La RCA n’a pas su poser les bases nécessaires pour se lancer dans cette course qu’elle pourrait perdre selon les experts. L’utilisation d’une monnaie virtuelle comme le Bitcoin exige la disponibilité de certains services indispensables, à savoir : l’électricité et l’Internet. Deuxième pays le moins développé du monde, la RCA fait partie des nations les plus dépourvues de ces services.

D’après l’Economist Intelligence Unit, moins de 15% de la population centrafricaine a accès à l’électricité. Or, selon l’Agence d’information sur l’énergie (EIA), la consommation énergétique du Bitcoin dépasse celle des pays tels que la Suède, les Pays-Bas et la Belgique. Le taux de pénétration de l’Internet est quant à lui de 11%. Dans un pays où plus de 7 personnes sur 10 vivent avec moins de 1,90 $ par jour, selon la Banque mondiale, très peu seront capables de s’offrir un forfait internet dans le 6e pays où l’Internet coûte le plus cher en Afrique. D’après les données du site Cable.co.uk, un gigabit de données mobiles oscille autour de 9 $ dans le pays depuis 2021.

Les autorités centrafricaines disent vouloir renforcer l’inclusion financière grâce au Bitcoin. Un objectif qu’elles auront du mal à atteindre, d’autant plus que leur cible ignore tout du produit qu’elles lui offrent. Interrogé par Zone Bourse, le PDG d’une entreprise locale de bois nommé Auguste Agou disait n’avoir rien compris de ce dont il s’agissait. « Bitcoin, qu’est-ce que c’est ? Que peut apporter le Bitcoin à notre pays ? » s’est-il interrogé.

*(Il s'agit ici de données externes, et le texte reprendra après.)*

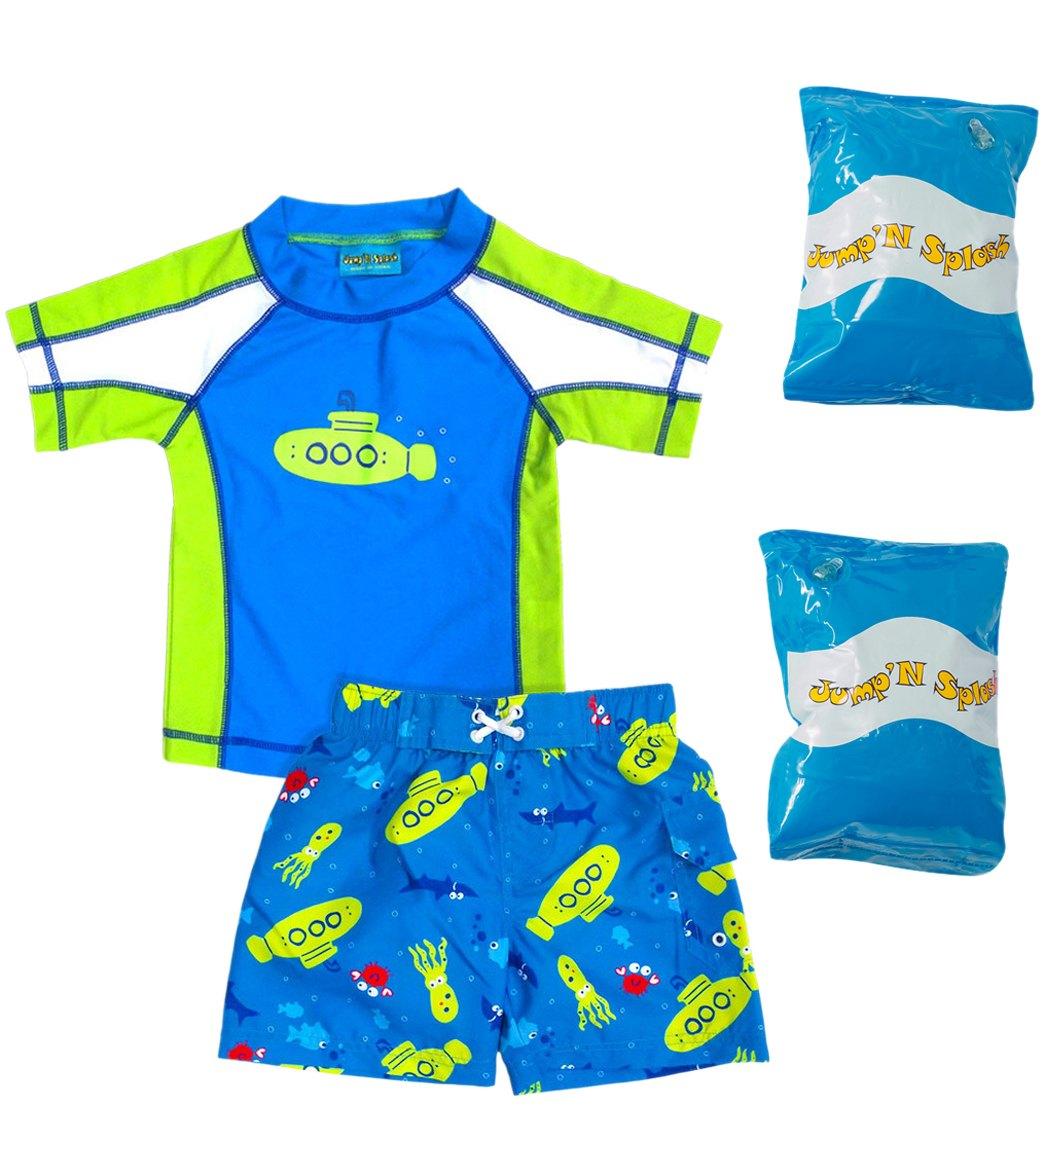 a632c47488 Jump N Splash Toddler Boy's Submerge Two-Piece Rashguard Set w/ Free  Floaties (2T-3T)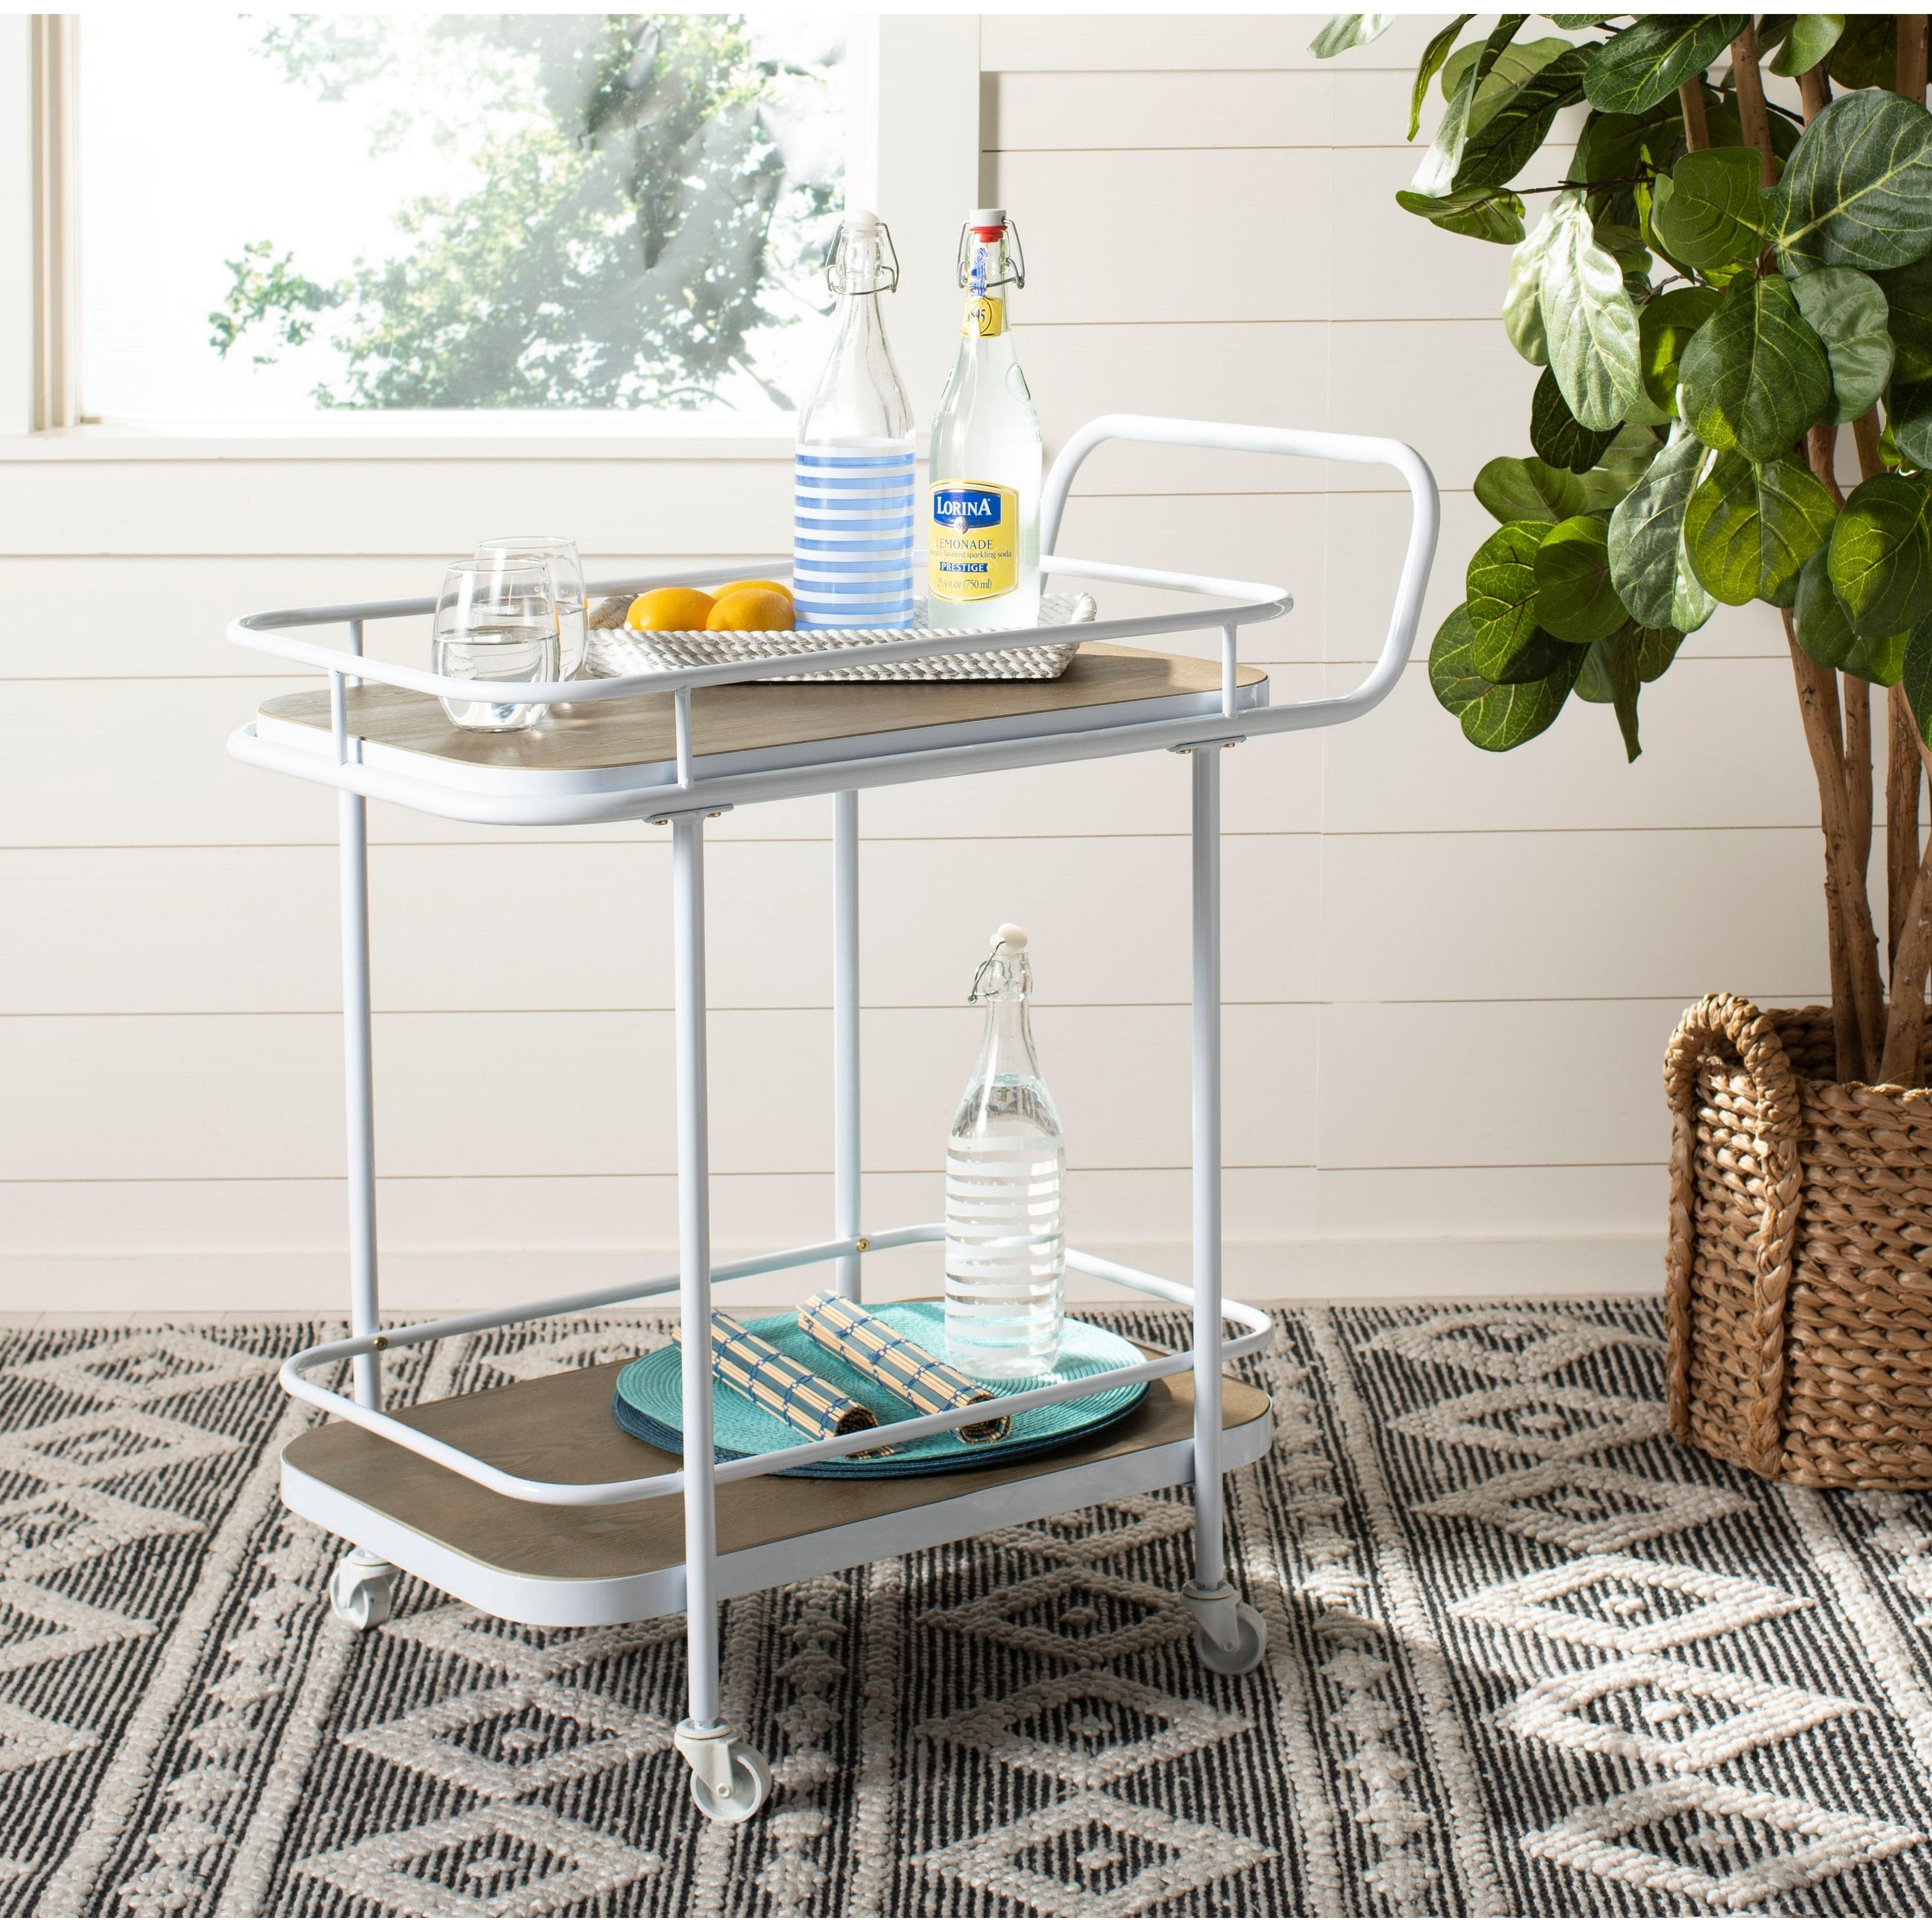 Safavieh Gaia 2 Tier Rectangle Bar Cart Rustic Oak White 30 X 18 X 32 Overstock 23591486

Pour l’instant, les autorités n’ont donné aucun détail sur la manière dont elles comptent s’y prendre pour faire adopter la monnaie virtuelle. Quoi qu’il en soit, « (…) ne nous attendons pas à une adoption généralisée des cryptomonnaies dans le pays » a déclaré Nathan Hayes, analyste chez Economist Intelligence Unit.

Une mesure unilatérale

La RCA a pris la décision d’adopter une monnaie virtuelle sans en informer le régulateur financier régional. La Banque des États de l’Afrique centrale (BEAC) qui émet la seule devise fiduciaire utilisée dans le pays, n’a jamais été saisie par les autorités centrafricaines. Elle a été écartée du processus ayant mené à l’officialisation du Bitcoin. Une telle initiative pourrait entraîner des sanctions pour cet État de la zone CFA qui fait déjà partie des six pays les plus pauvres de la planète.

Un responsable de la BEAC cité par Jeune Afrique a déclaré que la loi d’adoption du Bitcoin par la RCA « est nulle et de nul effet, dans la mesure où elle viole les textes de l’Union monétaire en Afrique centrale (Umac) ». Un haut-cadre de l’administration des Finances d’Afrique centrale, dénonce quant à lui un affront à l’organisation régionale. « C’est un bras d’honneur aux principes communautaires. Cette décision semble une provocation destinée à entraîner l’expulsion de la Centrafrique de la zone Cemac et du Franc CFA. Les autorités de Bangui donnent aux pays voisins une raison de les expulser de la zone plutôt que d’assurer leur volonté unilatérale d’en sortir » a-t-il commenté. L’anonymat requis par ces deux responsables vise à ne pas officiellement opiner sur le sujet avant l’intervention des Chefs d’État de la sous-région.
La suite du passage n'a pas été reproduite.